When the CAO responded negatively to my suggestion staff at the lower level be invited to make input into possible budget savings, he sought to close that door firmly in my face. He opened another at the same time.
By declaring administrative confidence in the budget, he provoked a political declaration that I am not.
My confidence takes precedence.
He crossed the line.
He is in my territory.
Whatever tools are there, are mine to use.
I am not satisfied we are getting what we are paying for from the Bylaw Department.
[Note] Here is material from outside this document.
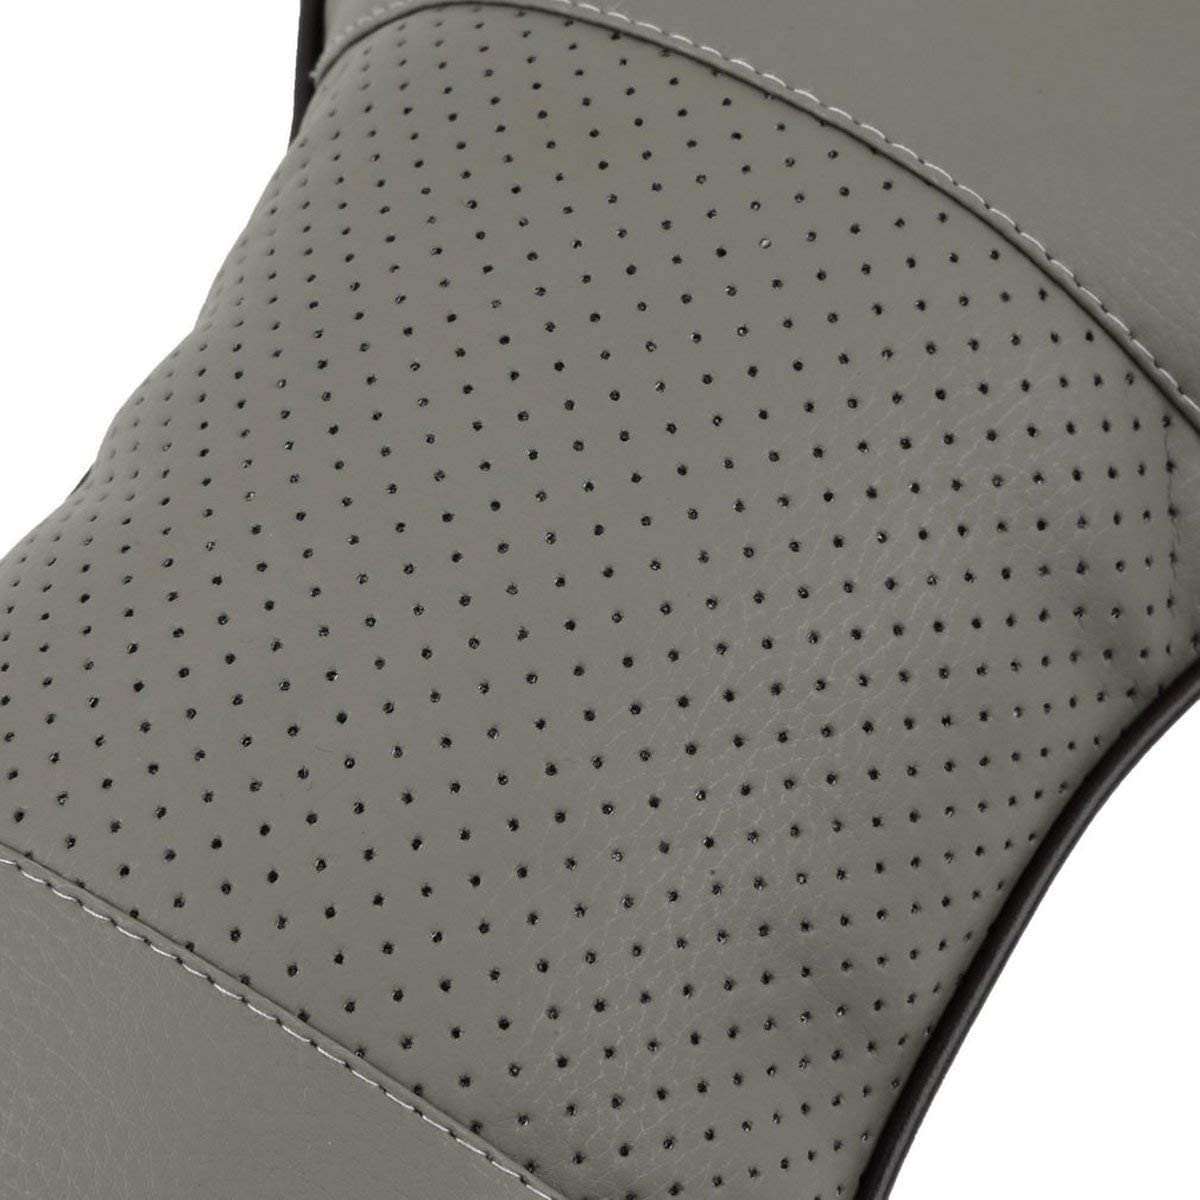 Gugutogo Universal Solid Bone Shape Headrest Pillow Breathable PU Leather Cloth Car Head Neck Rest Cushion Auto Interior Accessories

I do not accept adding a full-time bylaw officer at a cost of $85 a year as the answer to the problem of low productivity.
At the height of a controversy last year, failure to call for proposals when the OHSC contract was due for renewal, an incomplete report in January of this year, giving inaccurate information to the new Council with the recommendation to extend the contract, months after it's termination,is just another example of why I believe we are not well served .
Now does any other brave anonymous person who may or may not be a member of staff , feel the need to defend the defenceless administration from the no mind, no account, two bit politician, want to tell me what I may or may not say on behalf of the people who pay the bills and elected me to keep an eye on the store ?
Dear Me , it looks like your respondent has been grazing in the very same swamp as AnyMoose, how dare you ask the tough questions or share an opinion on all that's financial in the good Town of Aurora , Keep it up with the bed time stories , quite frankly it seems that some of your best work is when you lay your head on the pillow.